Dr Sermon and her group produced human embryonic stem cells (hESC) from 6-day old embryos from infertile couples enrolled in an in vitro fertilisation (IVF) program, who donated their surplus embryos for research. Certain embryos, obtained prior to use for implantation, after genetic diagnosis (PGD) were grown in the laboratory (in vitro) as for the fertility treatment, and were tested to check if they carried markers of the genetic disease, on day 3. In the IVF program, day 5 healthy embryos are usually transferred to the uterus of the prospective mother, but any genetically abnormal embryos can be donated for research. From this source, they obtained two hESC lines that carry the FSHD abnormal genetic material (genes). These hESC lines can be grown indefinitely in the laboratory, while maintaining their primitive characteristics, but when stimulated with the correct compounds they can develop into many different types of tissues, such as muscle, nerve etc.

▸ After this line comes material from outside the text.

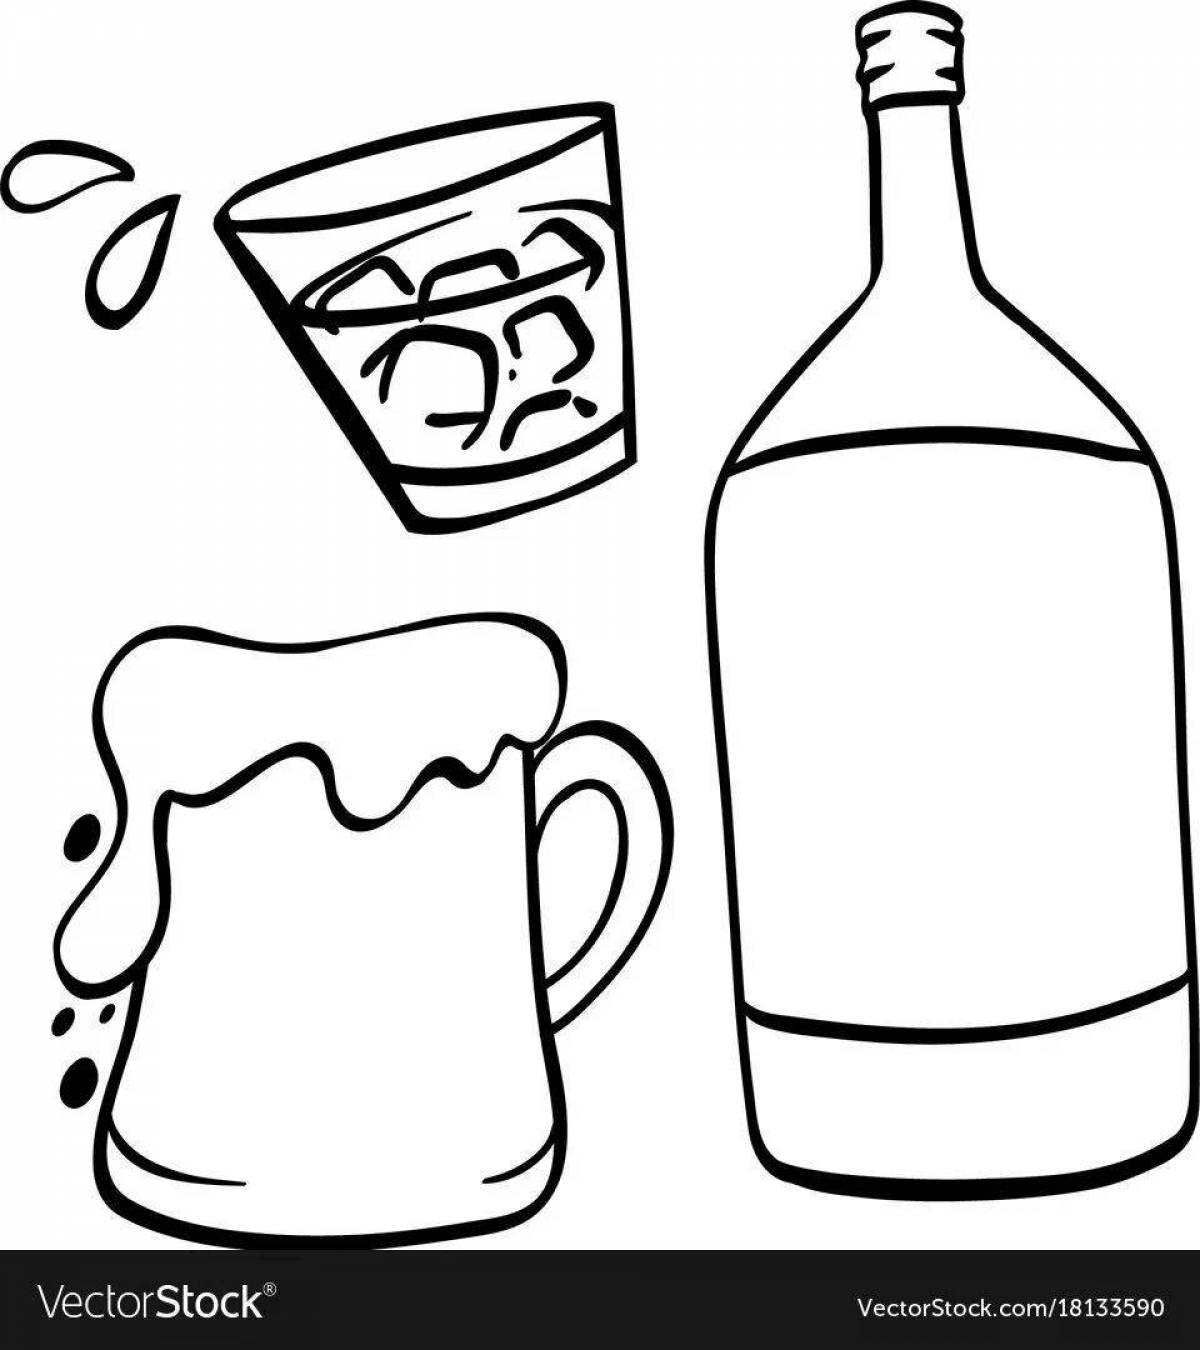 Live alcohol coloring page

For the first part of the project, Dr Sermon’s group concentrated on establishing growth of the hESC lines obtained from the Sydney University IVF program in their laboratory. They have produced their own two primitive FSHD cell lines from their first experiments, and frozen away stocks of the Sydney hESC lines, for further laboratory testing. The cells from their own cell lines have been used in experiments in Prof. A. Belayew’s laboratory to check for the presence of the FSHD associated DUX4 gene signal to produce protein (mRNA), and for the DUX4 gene protein. They detected different forms both in the healthy cells and in the FSHD hESC cells.
They proceeded with experiments to confirm their observations in additional human cell lines and to precisely identify the expressed mRNA. Until then, they had stimulated the cell lines to mature (differentiate) in an uncontrolled manner, to produce many types of cells, and compared their results from primitive cells to the results with these mature cells. They intend to grow the five FSHD cell lines available in larger quantities, so that a wider range of genes can be tested for association with FSHD, using a relatively new technology called gene microarrays, where small pieces of genetic material are bound to a plastic or other surface for testing.